People on the ground can see things that leaders cannot. They are always the biggest asset, so leaders should celebrate their wins, recognise their contributions and seek their open feedback. Scaling, new working practices or new products are much more likely to be successful when those in leadership engage with teams meaningfully.

Keep a top-down view
The strategy at the top should set the tone for the company. As mentioned, much of this tone stems from the compelling “why” that gets people out of bed in the morning. But this will then filter through to other fundamentals such as who to serve, what pain to solve, how and where it is done and the “how much” of the offering and brand promise. Scaling, reshaping or resizing a business requires a high-level, top-down view. Working across different departments helps leaders to be clearer on their company’s culture, values and above all, who and what to say “yes” to. When shaping or resizing a business, it’s essential for leaders to use a top-down perspective to reconfigure around the “why” that started it all.

Invest in a support system
It is commonly said that many leaders feel isolated and experience being “lonely at the top”. Finding the right support system that enables them to work ON their business and not IN it is key to remaining effective as businesses evolve. The past 18 months has demonstrated the necessity of a support system within companies, including one for leaders. HR is imperative in facilitating this and has a large role in ensuring that it does not get lost within growing business operations.
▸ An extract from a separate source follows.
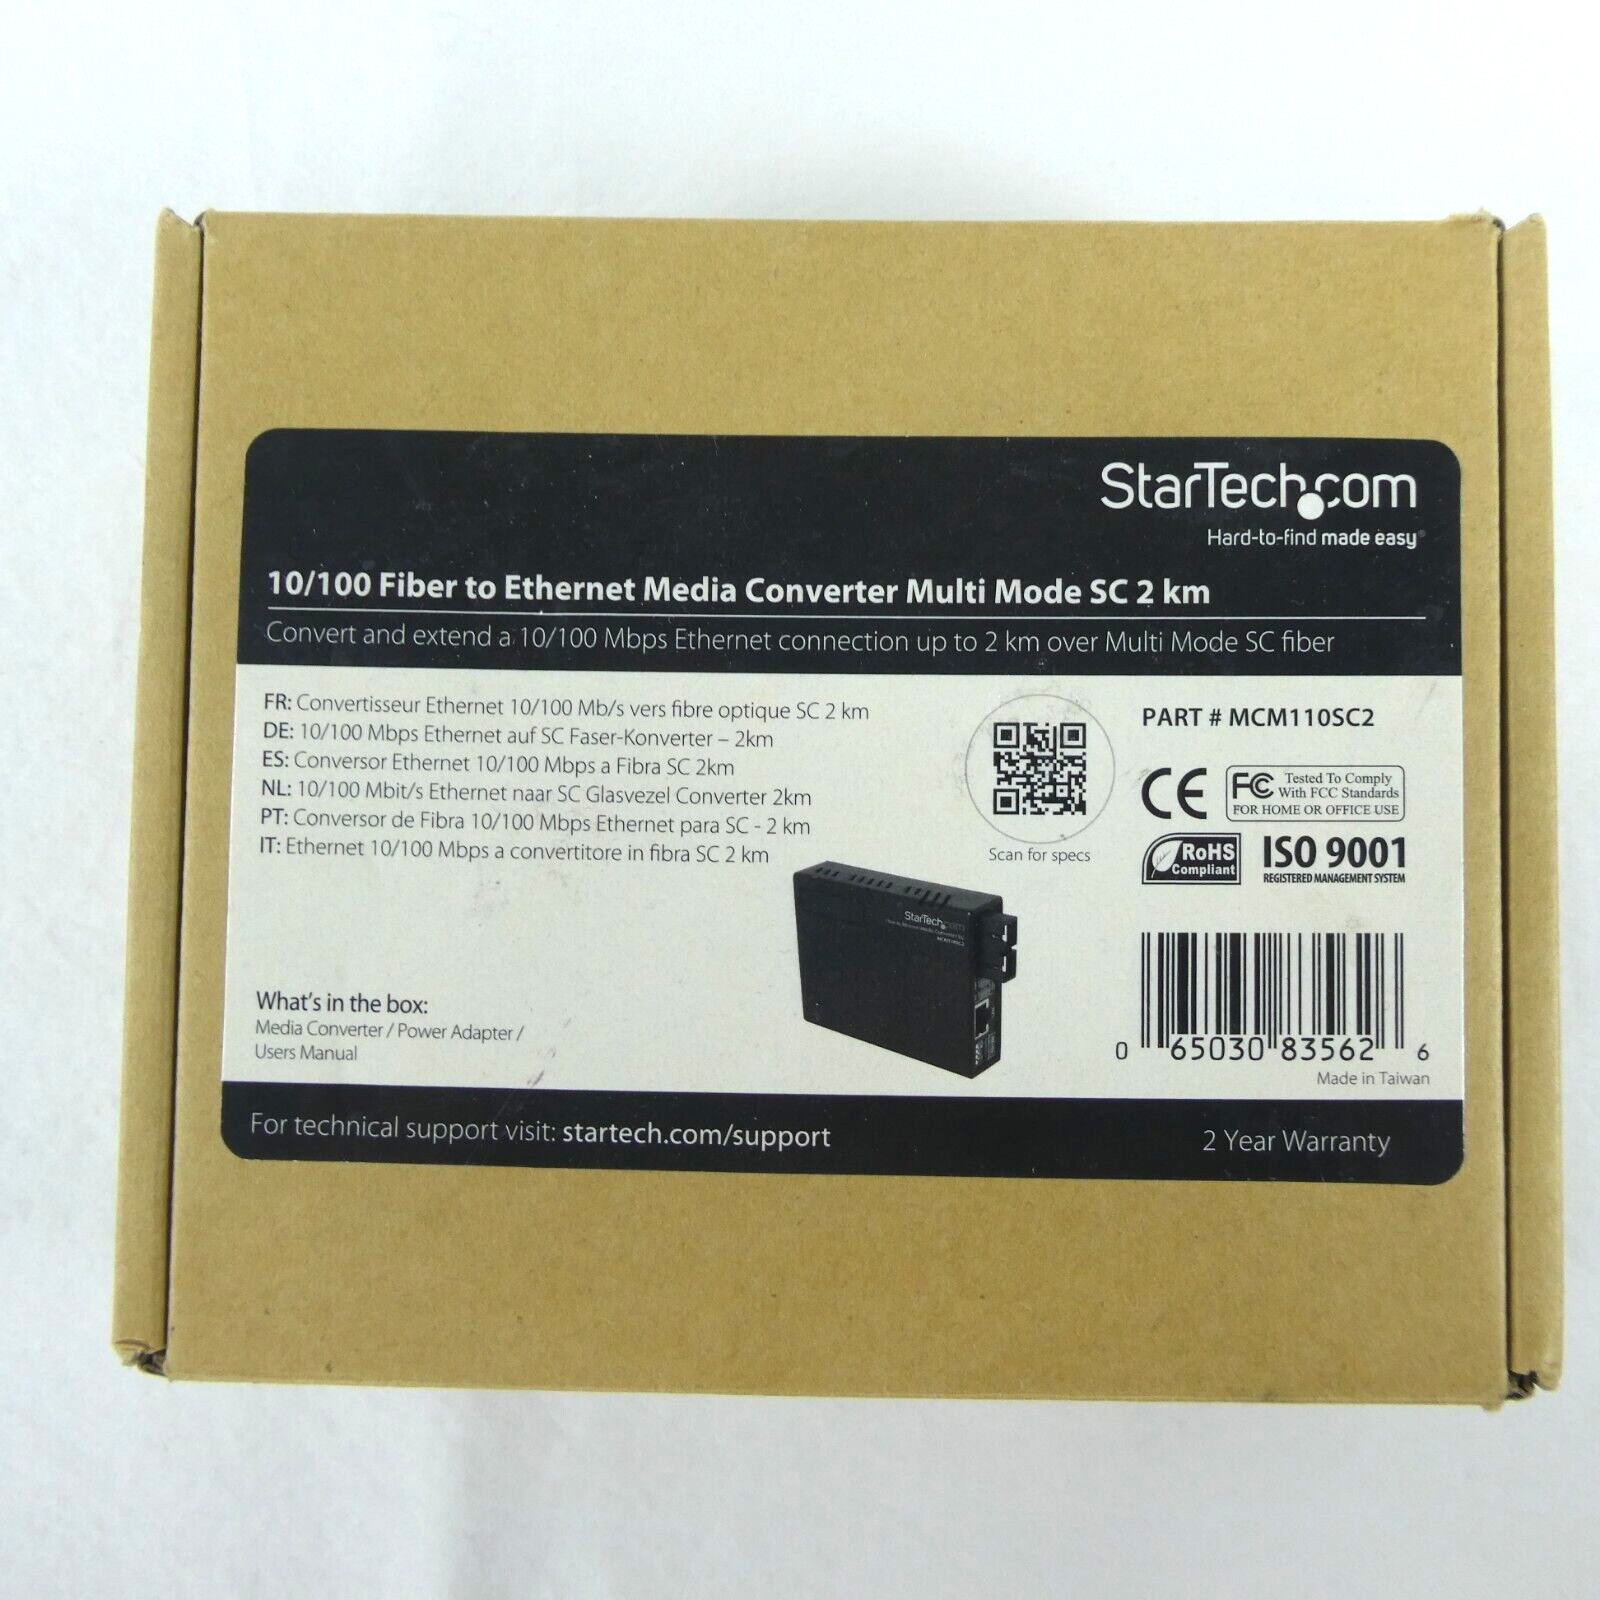 StarTech MCM110SC2 SC 2 km 10/100 Fiber to Ethernet Media Converter No Power

One way for leaders to build a support network is to work with a business mentor, someone with a proven track record and who will stand firm as a friend of your business. Mentors help probe into decisions and operations and offer fresh perspectives on challenges.

Scaling up a business is certainly not for the fainthearted. It requires leaders to have dedicated focus, keep an eye on the overarching vision, work with teams across business functions and invest in robust support systems. However, doing this places businesses in a much stronger position for successful resizing and reshaping.